To use the built-in colors in PIASO, you can set the palette=piaso.pl.color.d_color1 for the discrete colors, and cmap=piaso.pl.color.c_color1 for the continuous colors in sc.pl.umap, piaso.pl.plot_embeddings_split or other functions. This notebook aims to display the available choices in both discrete and continuous color maps.
[1]:
path = '/home/vas744/Analysis/Python/Packages/PIASO'
import sys
sys.path.append(path)
[2]:
import piaso
import scanpy as sc
import numpy as np
import matplotlib.pyplot as plt
import warnings
import piaso.plotting.color as color
/home/vas744/.local/lib/python3.9/site-packages/networkx/utils/backends.py:135: RuntimeWarning: networkx backend defined more than once: nx-loopback
backends.update(_get_backends("networkx.backends"))
[3]:
sc.set_figure_params(dpi=80,dpi_save=300, color_map='viridis',facecolor='white')

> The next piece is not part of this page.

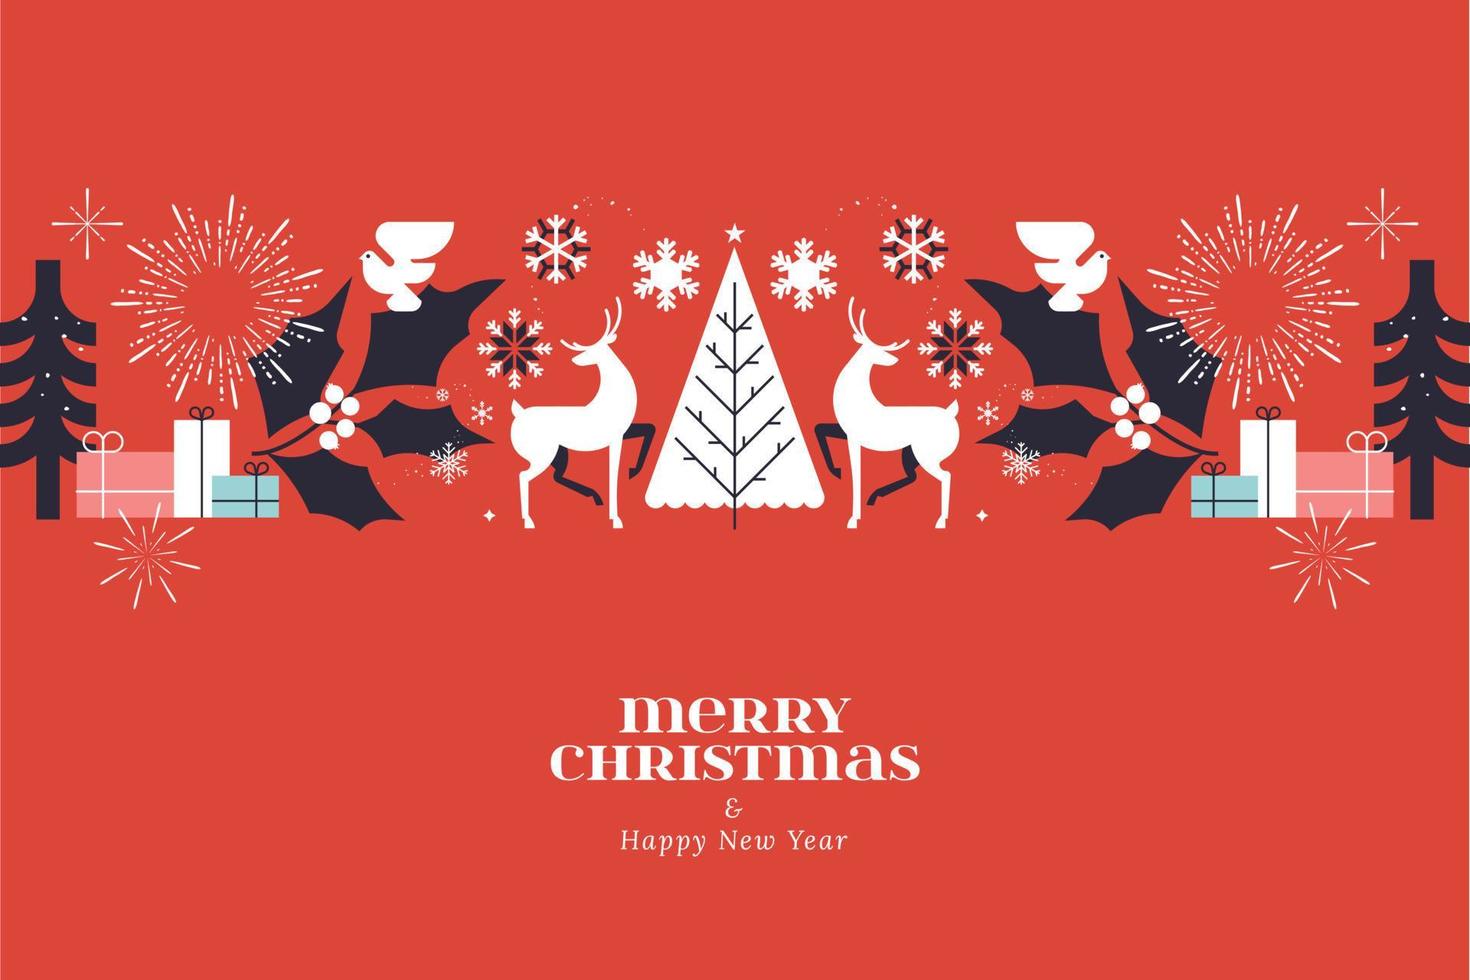 Merry Christmas and Happy New Year. Vector illustration for background, greeting card, party invitation card, website banner, social media banner, marketing material.

from matplotlib import rcParams
rcParams['figure.figsize'] = 4, 4
[4]:
warnings.simplefilter(action='ignore', category=FutureWarning)
Load the data#
The 20k subsampled snRNA-seq data from Allen SEA-AD project is available in google drive: https://drive.google.com/file/d/1nH-CRaTQFxJ5pAVpy8_hUQn1nrIcakq2/view?usp=drive_link.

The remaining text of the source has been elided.